📄 rfc1345.txt
字号:
Network Working Group K. Simonsen
Request for Comments: 1345 Rationel Almen Planlaegning
June 1992
Character Mnemonics & Character Sets
Status of the Memo
This memo provides information for the Internet community. It does
not specify an Internet standard. Distribution of this memo is
unlimited.
Summary
This memo lists a selection of characters and their presence in some
coded character sets. To facilitate the coded character set
tabulations an unambiguous mnemonic for each character is used, and a
format for tabulating the coded character sets is defined. The coded
character sets are given names for easy reference. A family of coded
character sets called the mnemonic character sets and conversion
between these coded character set without information loss is
defined.
The character set names are registered with the Internet Assigned
Numbers Authority (IANA). Additional character sets not described in
this memo should be registered with the IANA. This memo may be
updated periodically, or additional specifications may be published,
to reflect other coded character sets.
Please send any comments including comments about the accuracy of the
tables to the author, Keld Simonsen <Keld.Simonsen@dkuug.dk>.
1. INTRODUCTION
With the growing internationalization of the Internet, support for
many coded character sets is required. It is the intention of this
memo to document precisely the mapping between all characters and
their corresponding coded representations in various coded character
sets, and give names to these coded character sets, so they can be
referenced unambiguously in Internet standards.
This memo does not indicate anything about the validity of using
these specifications in any Internet standard, so you should consult
each individual Internet standard to see which coded character sets
and names are allowed there.
Unambiguous character mnemonics are specified, which provide a
practical way of identifying a character, without reference to a
coded character set and its code in this coded character set. The
mnemonics are written in a minimal set of characters, namely the
invariant 83 graphical characters of ISO 646, which is a kind of
greatest common subset to be found between the majority of coded
Simonsen [Page 1]
RFC 1345 Character Mnemonics & Character Sets June 1992
character sets, including ASCII, national variants of the ISO 646 7-
bit character set and various EBCDICs. In addition, the numeric
value of the coded representations of all these characters are the
same in all coded character sets compatible with ISO standards. All
of them except two, EXCLAMATION MARK and QUOTATION MARK, have the
same coded representation in all variants of EBCDIC. This minimal
set of characters is called the reference character set in this memo.

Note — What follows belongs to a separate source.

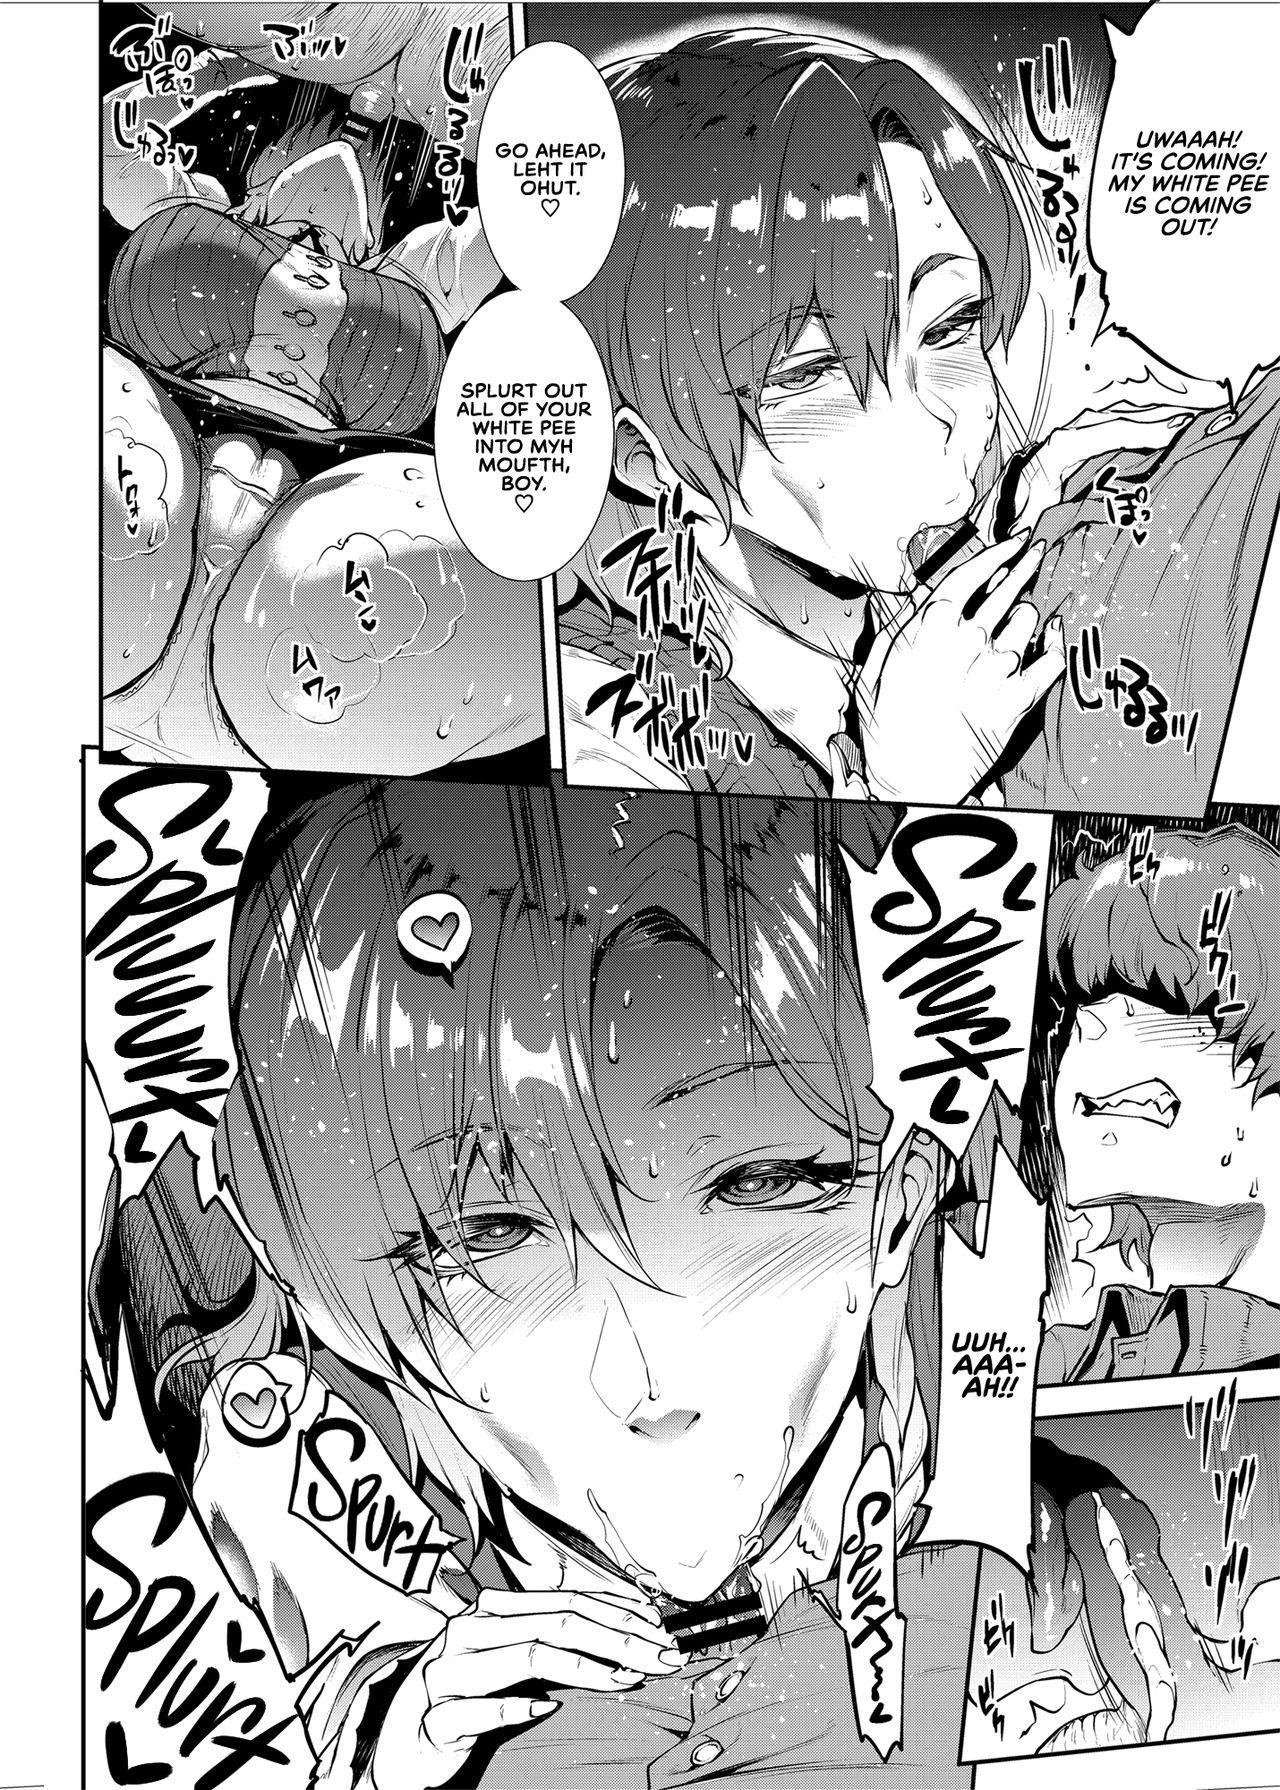 [ERECT TOUCH (Erect Sawaru)] Flower Vendor ~Hanauri Onee-san ni Yasashiku Fudeoroshi~ | Flower Vendor ~Gently Losing My Virginity To Miss Flower Vendor~ [English] [RedLantern] 19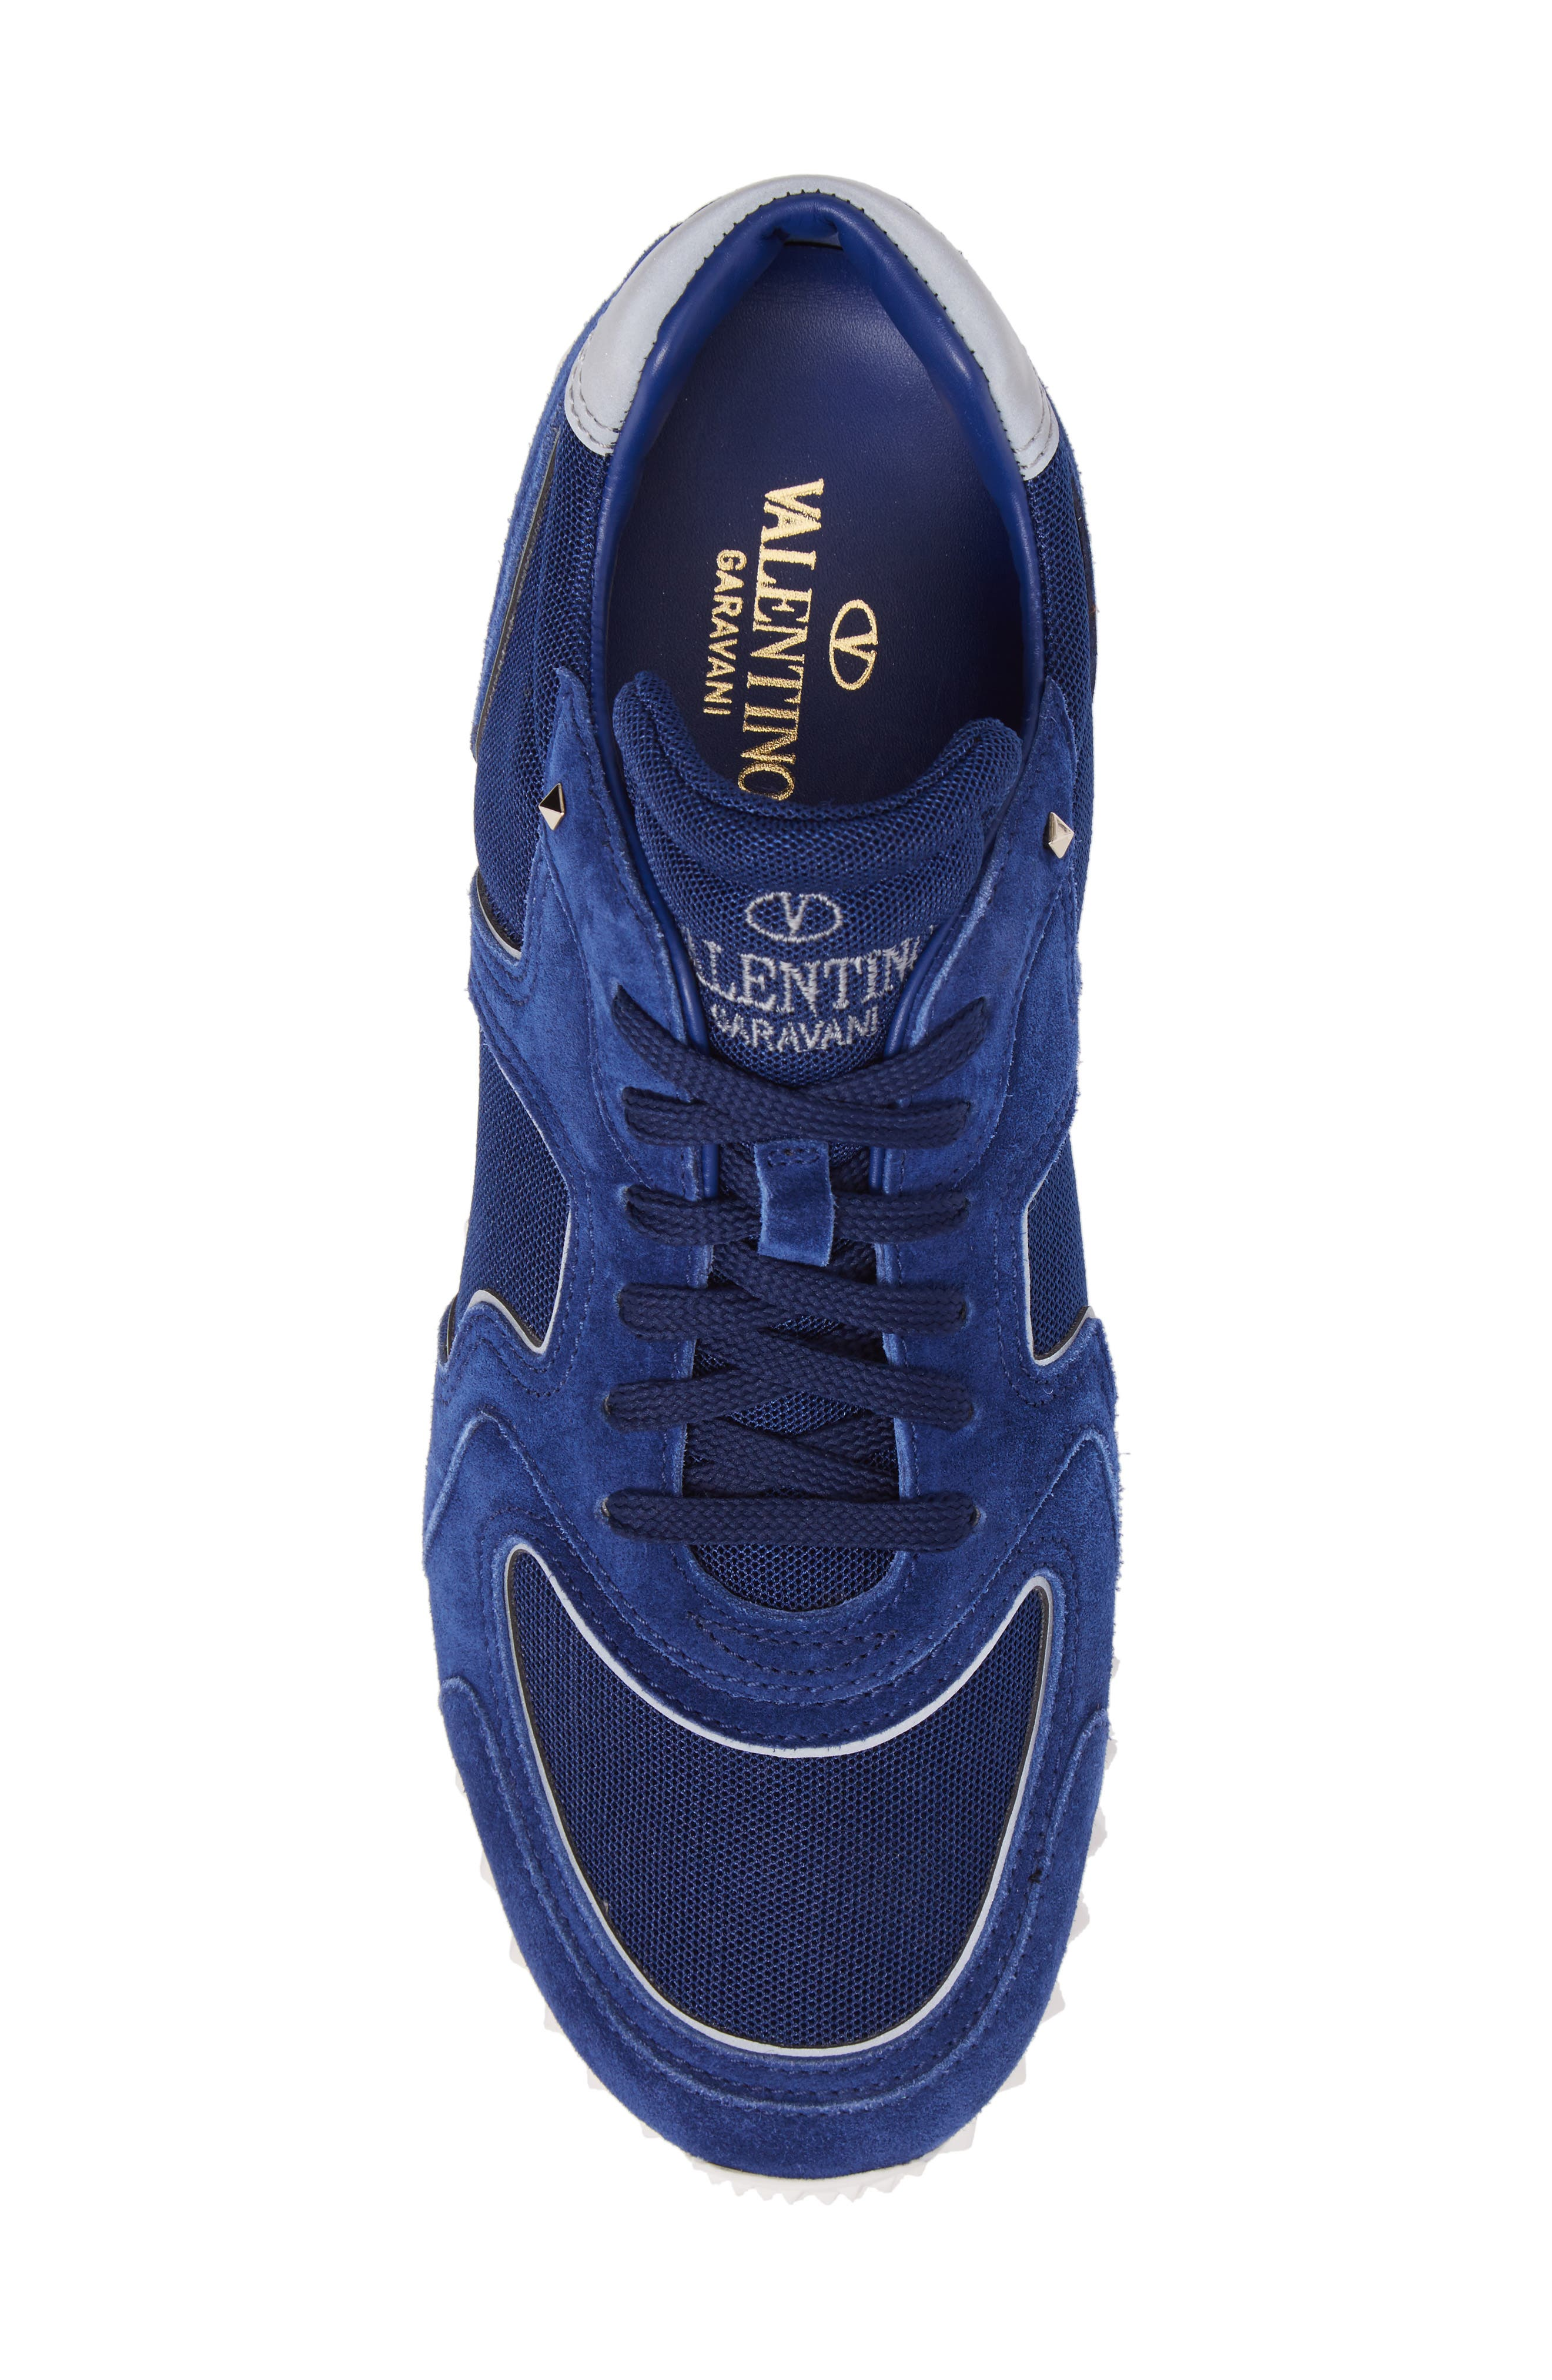 Soul AM Sneaker,                             Alternate thumbnail 5, color,                             Blue Royal/ Blue Royal

The mnemonics can be used in Internet standards for easy and
unambiguous reference, and they can also serve as a fallback
representation in various Internet specifications.
The coded character sets covered include all parts of ISO 8859, ISO
6937-2 and all ISO 646 conforming coded character sets in the ISO
character set registry managed by ECMA according to ISO 2375. Almost
all graphic coded character sets in the ECMA registry (1) are
covered. The graphic coded character sets not included are registry
numbers 31, 38, 39, 53, 59, 68, 71, 72, 129 and 137. In addition
many vendor defined character sets are covered, including PC
codepages (4), (7), (8), many EBCDIC character sets (4), (5), (6) and
HP, DEC and Apple character sets (8), (9), (10), (13), (14). The
East-Asian 16-bit character sets from the ECMA registry is also
included in this memo.
2. CHARACTER MNEMONICS
2.1 General Syntax
The character mnemonics are taken from the ISO committee draft (CD)
of the POSIX.2 standard (3). They are classified into two groups:
1. A group with two-character mnemonics
- Primarily intended for alphabetic scripts like Latin, Greek,
Cyrillic, Hebrew and Arabic, and special characters.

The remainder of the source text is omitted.